Если желающие участвовать на Соборе священники и профессора заботятся о собственных служебных льготах и сословных преимуществах, то светские писатели желают там видеть мирян уже с совершенно анти-иерархическими и анти-сословными целями.

Так революционное «Общество христианской борьбы», в котором, впрочем, участвуют два-три духовных профессора, прямо предъявляет Собору требование первым делом «осудить самодержавие, как вполне противоречащее христианству». Это противоречие просвещённые авторы «воззвания к русским епископам» находят в том, что требования самодержавного Царя безусловны, и что их нельзя не исполнять безнаказанно, хотя бы они противоречили заповедям. Авторы почему-то упускают из виду, что таковы же требования всякого правительства, например французского, уже прямо направленные против религии, и что даже в учебном катехизисе предписано таких требований не исполнять, а отвечать на них словами апостолов: Судите: аще праведно есть пред Богом, послушати, вас паче, нежели Бога?

Такова одна часть мирян, желающая проникнуть на Собор; а другая – это наши доморощенные богословы «Нового Времени», уже открытые нигилисты, отрицатели догматов, будущей жизни, святых таинств, евангельских чудес, всего Ветхого Завета, принципиальные эротоманы, современные николаиты, интеллигентные хлысты, требовавшие на страницах «Нового Времени» таких невероятных вещей, чтобы после таинства брака супружеское совокупление совершалось в самом храме Божием, вероятно – при огромном количестве любопытных зрителей.

Я думаю, что если бы для участия на Соборе пригласить в полном составе любую каторжную тюрьму, то она не могла бы в такой степени опозорить нашу святую веру и прогневать Бога, как подобные кандидаты в члены Поместного Собора.

А благочестивые, смиренные миряне, народ, который в «Послании восточных патриархов» именуется хранителем веры? Он, не будучи богословом, и сам уклонится от воспрещённого мирянам, и скажет: ваше дело учить, а наше – поучаться.

Итак, на основании прямого учения Божественного Откровения, а также принимая во внимание современное положение вещей, никто, кроме епископов, не должен быть допущен на Собор. При ложном направлении богословской науки, уже давно подпавшей влиянию латинства и протестантства, дай Бог и нам-то, епископам, сговориться единодушно, без разделения и раскола. В этом нам поможет Бог и то обстоятельство, что мы не заканчиваем в школе своего духовного развития, а продолжаем его, учась уже у самой Церкви через чтение слова Божия, святых отец, богослужебных книг и – пастырского опыта. Епископство и доныне остаётся хранителем неповреждённой веры, и сие-то вооружает против него сознательных и несознательных врагов Православия.

Вторая докладная записка

Изложив в особом докладе своё заключение по первому пункту данных епархиальным архиереям от Святейшего Синода запросов при циркуляре № 8, имею долг доложить нижеследующее по дальнейшим пунктам.
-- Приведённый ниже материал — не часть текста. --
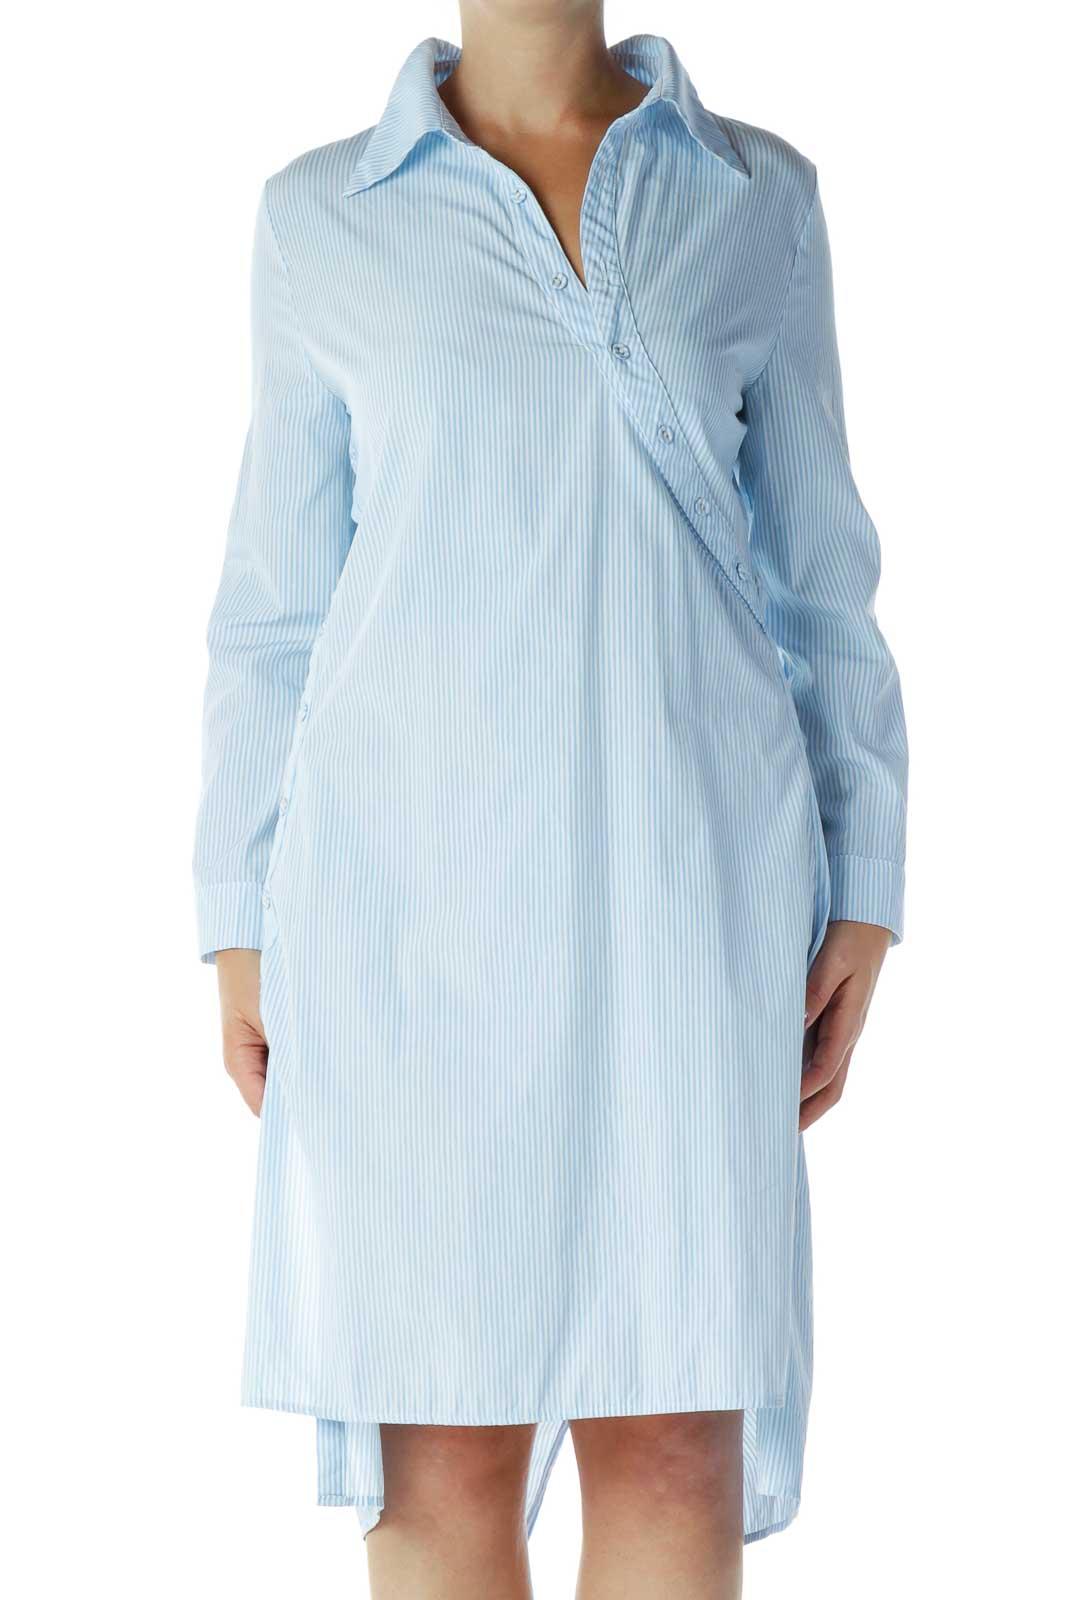 Blue & White Pinstripe Shirt Dress

Пункт 2. О разделении русской Церкви на митрополичьи округа

Мысль эта опирается на слишком большую централизацию церковно-административных дел в Петербурге, где эти дела по необходимости иногда встречают формальное отношение при неосведомлённости столичного управления о некоторых обстоятельствах провинциальной жизни и о самых лицах, касательно которых приходится что-либо решать.
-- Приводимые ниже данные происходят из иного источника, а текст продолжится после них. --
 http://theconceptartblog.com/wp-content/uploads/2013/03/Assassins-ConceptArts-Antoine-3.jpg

Другого рода польза от устройства митрополичьих округов имелась в виду с точки зрения судебно-апеллятивной.

Именно, митрополичий собор должен будет рассматривать жалобы на архиереев в присутствии самого обвиняемого. В настоящее время Св. Синод, стараясь поддерживать авторитет епископов, затрудняется производить над ними следствие через уполномоченных лиц, а потому всякие неправильные действия епископов, которые не касаются каких-либо бумажных промахов и на бумаге всегда могут быть оправданы, остаются без всякого вменения.

Изменить такого рода положение дел весьма трудно, ибо Св. Синод, не обладая иным способом воздействия, кроме чисто юридического, бумажного, должен или поддерживать вышеуказанную практику, или подвергать епископа юридической каре, что совершенно может расстроить епархиальную дисциплину и поощрять уже и без того укоренившуюся страсть к доносам недостойных клириков.
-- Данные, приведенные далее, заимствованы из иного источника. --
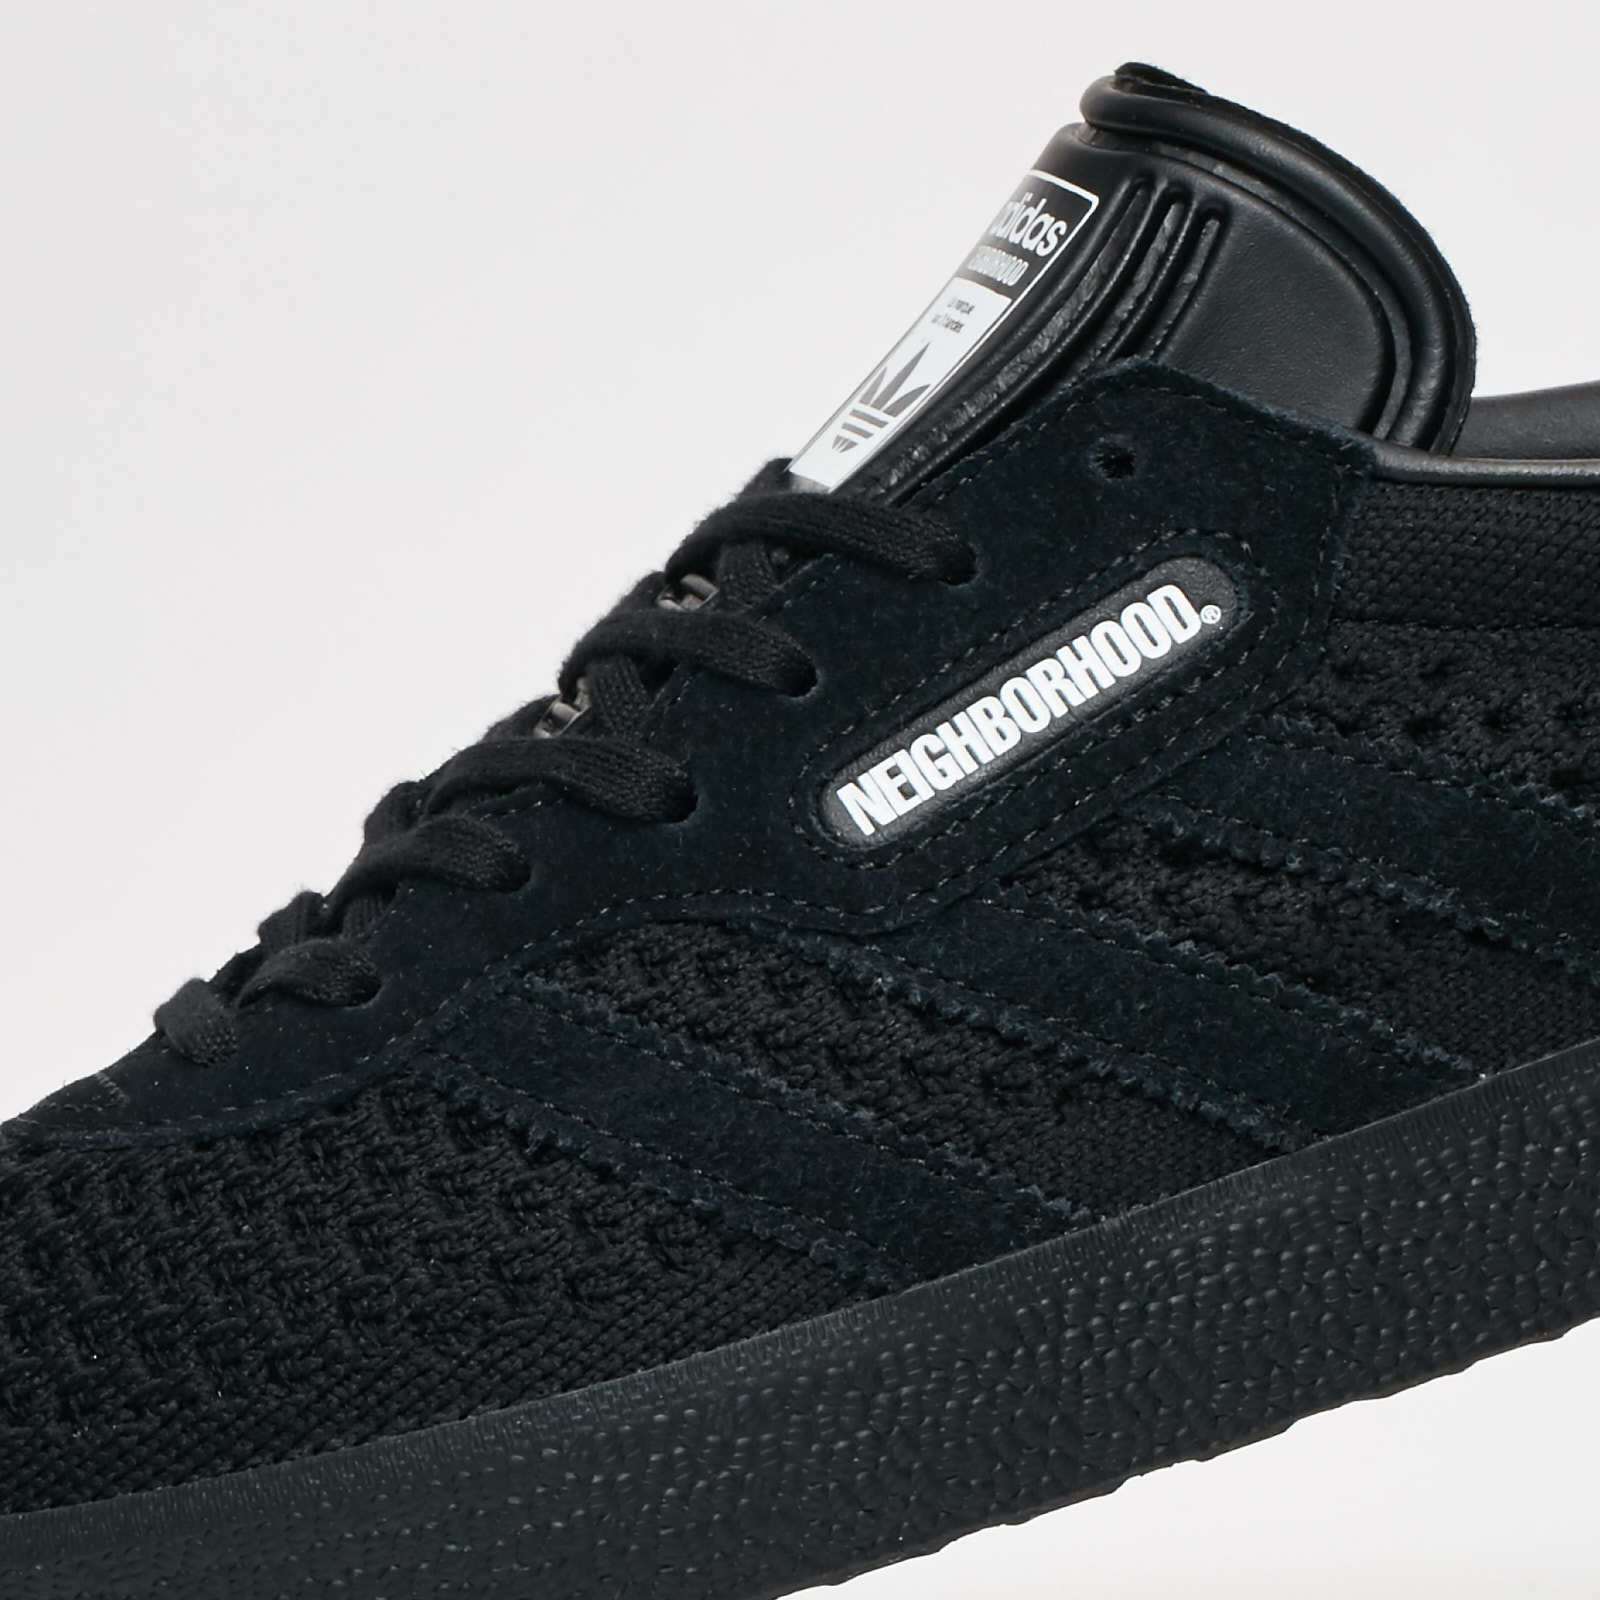 buy popular 9134e c41bb adidas Gazelle Super x Neighborhood - Da8836 - Sneakersnstuff ...

Напротив того, изустный суд или простое рассмотрение жалобы в присутствии обвиняемого прежде всего гораздо удобнее раскроет сущность дела, а затем даст возможность восстановить справедливость, не понижая авторитета обвиняемого епископа, – и, что особенно важно, оградит епархию от повторения подобных неправильных действий епископа, хотя бы и не противоречащих прямо и открыто букве закона, например излишней грубости обращения, недоступности, светского образа жизни, или, напротив, попустительства, допущения временщиков и т. п. Священные каноны выработали весьма подходящую формулу для подобного рода действий митрополичьих соборов: «таковому братолюбно сказать слово прещения» (19-е пр. IV Соб.).

Что касается вопроса о том, какие дела из ведения Синода передавать митрополичьему собору, то это лучше выяснится на самом Поместном Всероссийском Соборе. Приняв во внимание, что означенные митрополичьи соборы будут не постоянным учреждением и не многолюдным собранием, но, вероятно, получат характер архиерейских съездов по два раза в год на несколько дней, Св. Синод всегда будет иметь возможность передавать на решение таковых съездов все дела, какие сам заблагорассудит, а постоянному ведению митрополичьих соборов можно вручить, во-первых, утверждение в должности тех лиц епархиальной службы, для коих недостаточно, по принятым теперь воззрениям, утверждения одного епископа, например членов консистории, настоятелей и настоятельниц монастырей, начальников и начальниц духовно-учебных заведений, исключая ректора семинарии, епархиальных наблюдателей и т. п.; во-вторых, лишение сана клириков по приговору епархиальных начальств, причём должно освободить лишённых сана от всех гражданских ограничений и подвести их под те правила, которые существуют в государственном законодательстве для добровольно снимающих с себя сан, а таковое добровольное снятие сана совершенно упразднить, как противоречащее православному понятию о благодати священства и подвергающее отступника по 7-му пр. IV Всел. Соб. анафеме, а по Кормчей и по древним церковным толкователям – воспрещению христианского погребения и церковных молитв за упокой его души. Посему вдовых священников, не могущих обойтись без сожития, и всяких вообще клириков, впавших в сомнения о вере, должно лишать сана, не подвергая гражданским ограничениям, кроме вышеуказанных. Дела о разводе супругов тоже следует изъять из высшего церковного управления и передать в епархиальное, апелляции же по ним – на митрополичий собор как на окончательную инстанцию.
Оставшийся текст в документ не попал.